Big news on the search and seizure front – the United States Supreme Court ruled today that cell phones may not be searched without a warrant.
The Supreme Court held that police generally may not search digital information on a cell phone of a person being arrested, unless they first obtain a search warrant. Here are just a few of my favorite quotes from the opinion:
“These cases require us to decide how the search incident to arrest doctrine applies to modern cell phones, which are now such a pervasive and insistent part of daily life that the proverbial visitor from Mars might conclude they were an important feature of human anatomy.”
“The United States asserts that a search of all data stored on a cell phone is ‘materially indistinguishable’ from searches of these sorts of physical items…That is like saying a ride on horseback is materially indistinguishable from a flight to the moon.”
In response to the Government’s suggestion that police departments can institute protocols to guard against reading protected information stored on the Cloud but visible on the phone: “Probably a good idea, but the Founders did not fight a revolution to gain the right to government agency protocols.”
“We cannot deny that our decision today will have an impact on the ability of law enforcement to combat crime…Privacy comes at a cost.”
“Modern cell phones are not just another technological convenience. With all they contain and all they may reveal, they hold for many Americans ‘the privacies of life.’”
The case stems from two trial level cases. In the first, the defendant was pulled over for traffic violations which led to the impounding of his car. An officer looked through a smart phone found during an inventory search of the car and noticed gang lingo. Once at the police station, a forensic expert looked more closely at the phone and found photographs and other damning evidence linking him to a shooting a few weeks earlier. He was charged based on that evidence, convicted, and sentenced to 15 years to life in prison – an enhanced sentence because of his gang relations that were also discovered on the phone.

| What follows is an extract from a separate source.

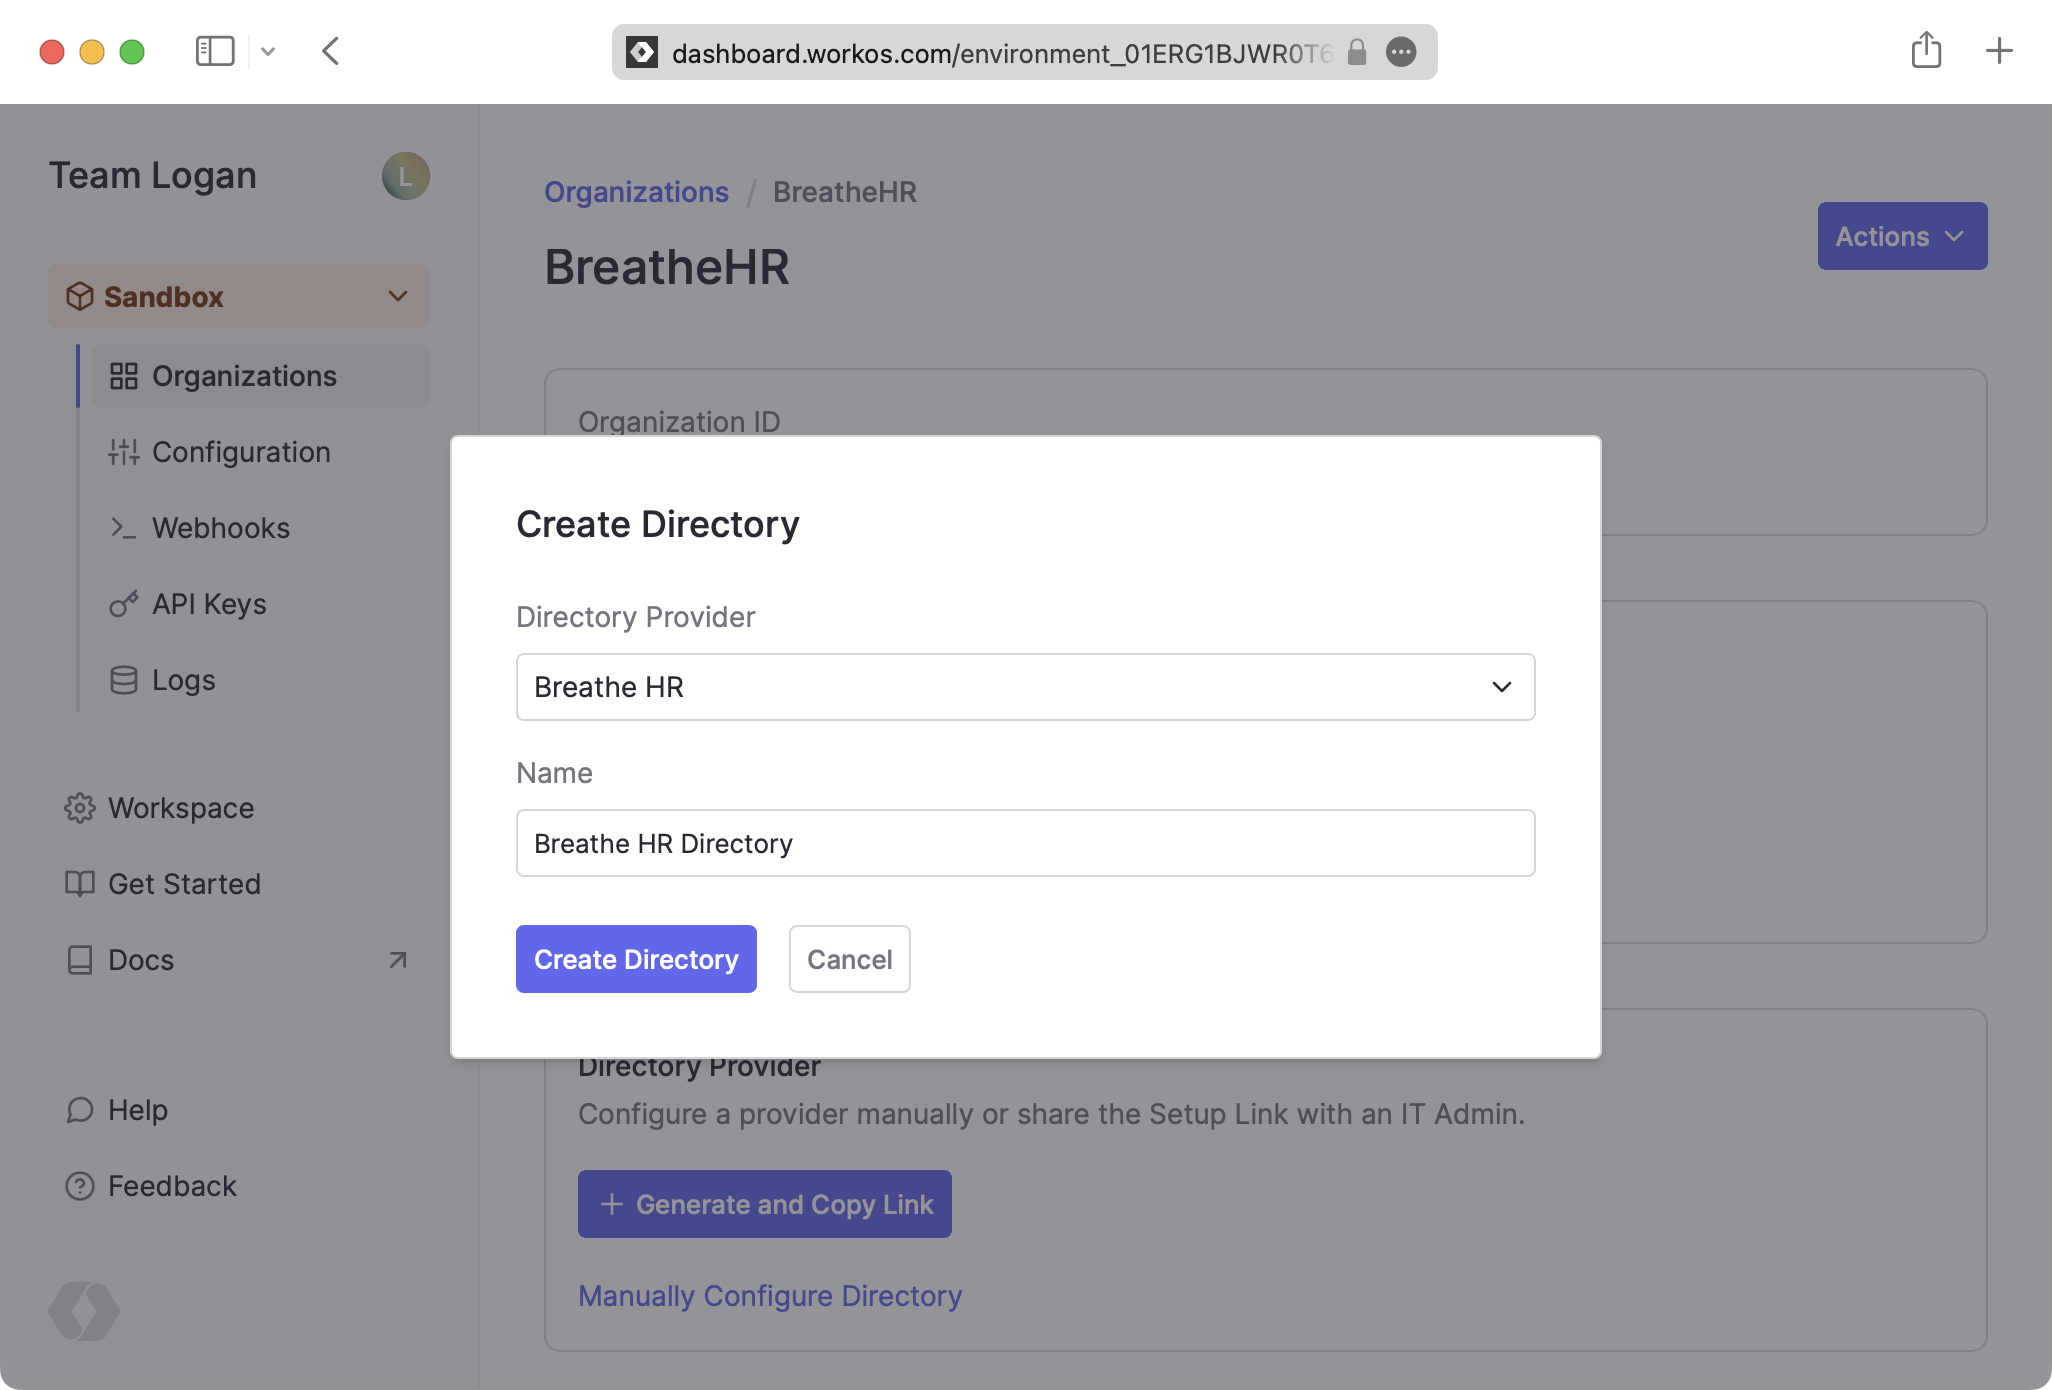 select Breathe HR, provide name, and select Create Directory

In the second case, the defendant was arrested after police observed him participating in a suspected drug sale. The police searched his flip phone, traced a number that was repeatedly calling the phone, and got a search warrant to search the house the call was coming from. There, they found drugs, guns, and cash, and the defendant was charged with drugs and firearms offenses.
Head on over to SCOTUS Blog for a full analysis of the decision and its implications. It’s clear that this decision could create suppression issues for many cases, allowing for dismissal of charges. Officers no longer have free reign to use the “search incident to arrest exception.” With all the private and protected information we keep on our phones, I’m just glad to see the Supreme Court is finally catching up to technology.